5’ and 3’ Ends of Genome Sequencing

The 5’ and 3’ ends of the genome were determined by rapid amplification of cDNA ends (RACE) using the Invitrogen 5’ RACE System and 3’ RACE System (Invitrogen, USA) according to the manufacturer’s instructions. Gene-specific primers for 5’ and 3’ RACE PCR amplification were designed to obtain a fragment of approximately 400–500 bp for the two regions. Purified PCR products were cloned into the pMD18-T Simple Vector (TaKaRa, Takara Biotechnology, Dalian, China) and chemically competent Escherichia coli (DH5α cells, TaKaRa), according to the manufacturer’s instructions. PCR products were sequenced with use of M13 forward and reverse primers.

Genome Sequence Assembly

All sequencing fragments were assembled using DNAStar software. The open reading frames of the verified genome sequences were predicted using Geneious (version 11.1.5) and annotated using the Conserved Domain Database. Sequence alignment of the COVID-19 virus with reference sequences was done with Mafft software (version 7.450). The SNPs of each sequence were defined as the site’s variant from the reference sequence.

RESULTS

Primer Design

The primers were designed in entire genome regions to obtain overlapping amplicons of approximately 1,000–1,200 bp leading to a list of 38 primer pairs. Meanwhile, 5’ and 3’ terminal sequencing primers were designed to obtain amplicons of 400–500 bp for sequencing (Table. 1).

Genomic Characterization

Using DNAStar software all sequencing fragments were assembled, 2 complete sequences named WH19004-S and GX0002 were obtained from the clinical samples (Figure 1). Of which, WH19004-S(29896 nt) is consistent with WH19004-NGS (accession ID: EPI_ISL_402120), except that there are 2 variants in nucleotide (nt) 27,493 (T/C) and 28,253 (T/C) respectively and identified these positions as single nucleotide polymorphisms by alignment with a large number of COVID-19 genome sequences (Figure 2). Nt 27,493 located in ORF7a (amino acid position 34), T or C translated to different amino acid (Ser or Pro), while nt 28,253 in ORF8 (amino acid position 120), no changes in amino acid.

Figure 1.

Figure 1

COVID-19 virus genome fragment amplification by RT-PCR. A: Schematic representation of the amplificatory fragments of the genome. B: Capillary electrophoresis profiles of RT-PCR products of the obtained partial fragment. a to k: RT-PCR products of the fragment 1–11; l to m: RT-PCR products of the end of 5’ and 3’ of the genome.

Figure 2.

Figure 2

Sequence comparison and Sanger sequencing diagram of COVID-19 virus in this study. (A) Sequence alignment of 4 whole-length genomes of COVID-19 virus. (B) Sanger sequencing diagram of WH19004-S by reverse primers 29R and 30R, which shows the SNPs in ORF7 and ORF8 of WH19004-S.
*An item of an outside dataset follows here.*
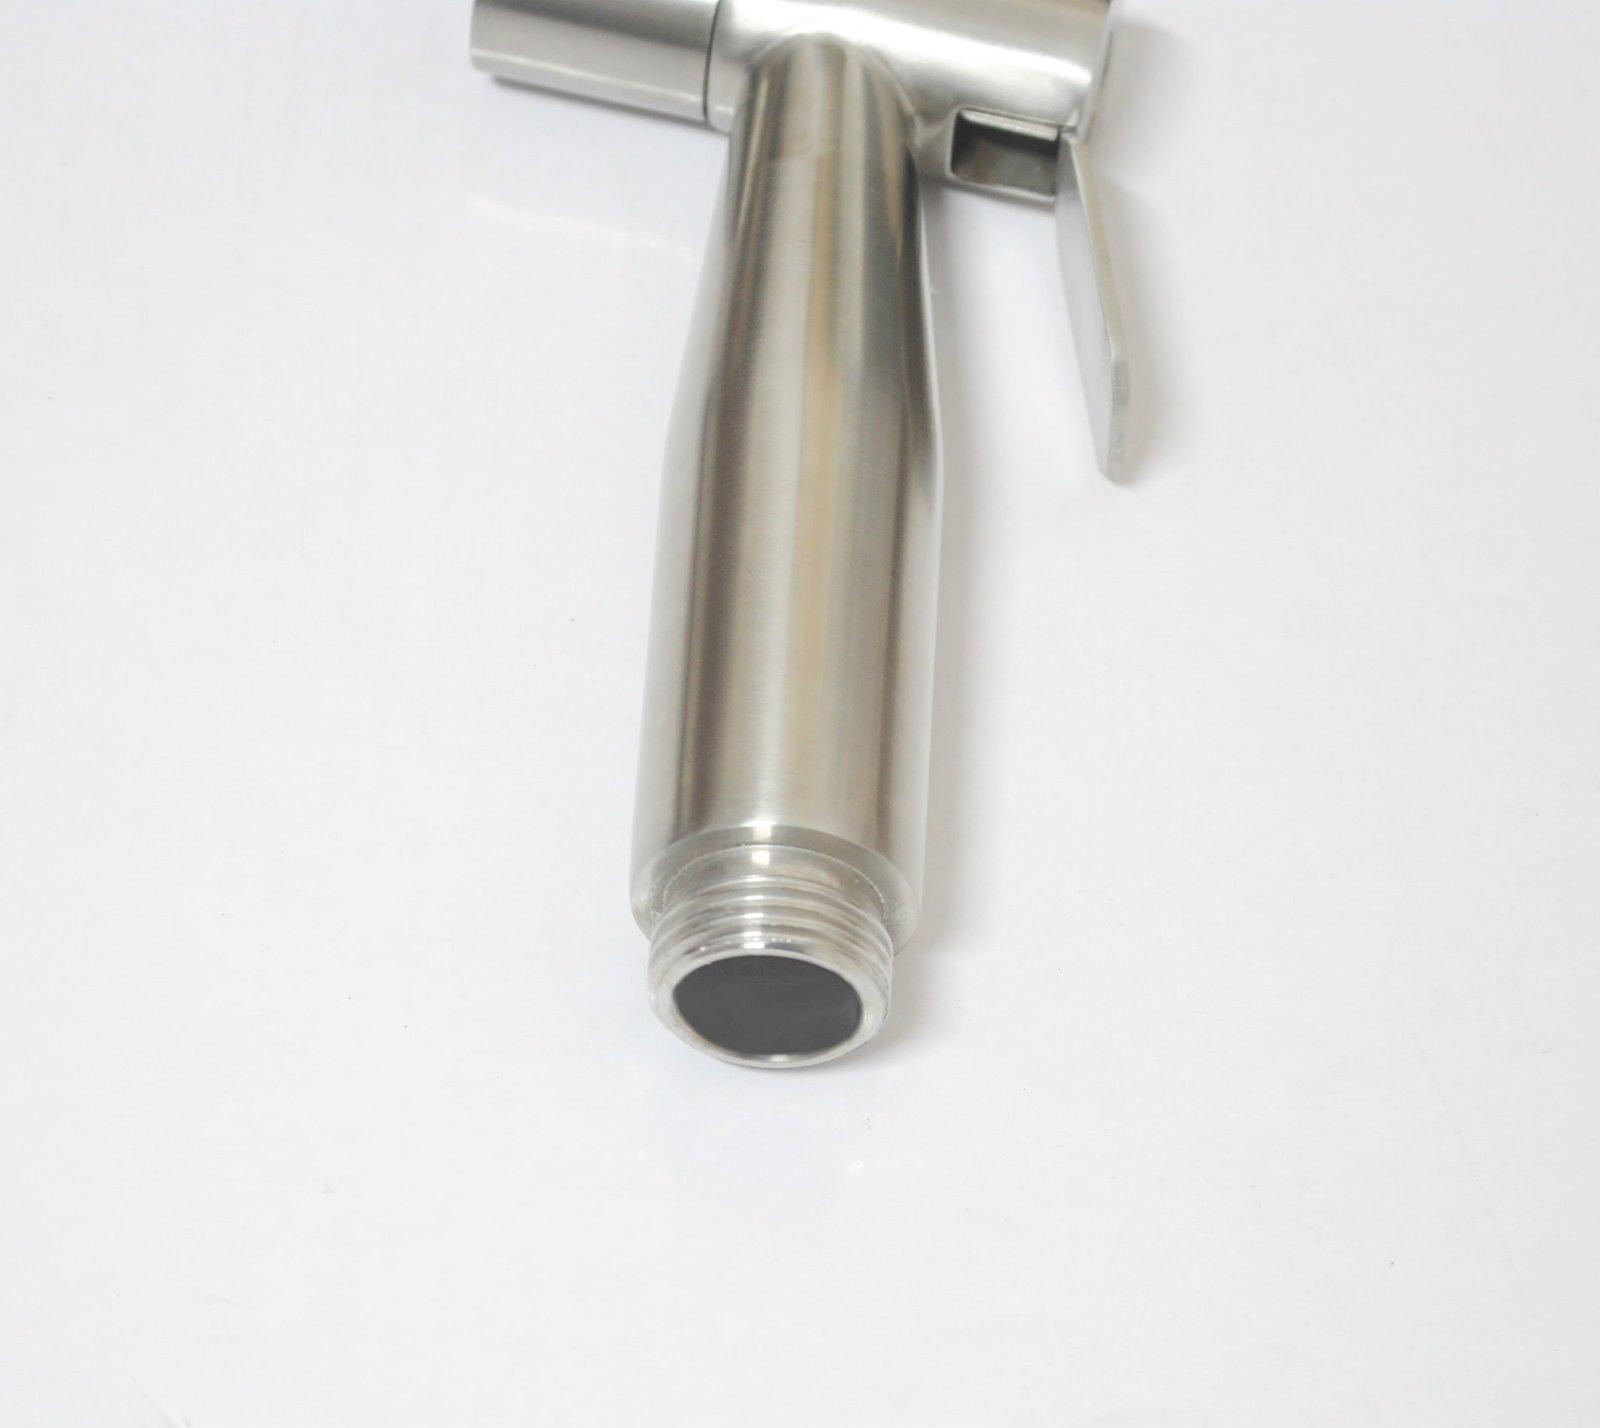 Ownace Bathroom Bidet Sprayer Head Only, Stainless Steel Brushed Nickel Diaper Sprayer

The GX0002 strain (accession ID: EPI_ISL_434534) was 29,892 nt in length, including a 5’ untranslated region (UTR) (nt 1 to 265), replicase complex open reading frame 1ab [ORF1ab] (nt 266 to 21,555), S gene (nt 21,563 to 25,384), ORF3a (nt 25,393 to 26,220), E gene (nt 26,245 to 26,472), M gene (nt 26,523 to 27,191), ORF6 (nt 27,202 to 27,387), ORF7a (nt 27,394 to 27,759), ORF7b (nt 27,756 to 27,887), ORF8 gene (nt 27,894 to 28,259), N gene (nt 28,274 to 29,533), ORF10 gene (nt 29,558 to 29,674), and 3’ UTR (nt 29,675 to 29,892). Compared with the reference strain (GenBank no. NC_045512), the GX0002 strain only has a nucleotide variant in nt 24,325 position (G/A) in the S gene and no changes in amino acid (Figure 2).

DISCUSSION

To accelerate our investigation of this virus and the disease it causes, a practical protocol for viral genome research of clinical samples is urgently needed. In this study, we obtained 2 COVID-19 virus complete genome sequences WH19004-S and GX0002 from clinical samples using the Sanger sequencing method.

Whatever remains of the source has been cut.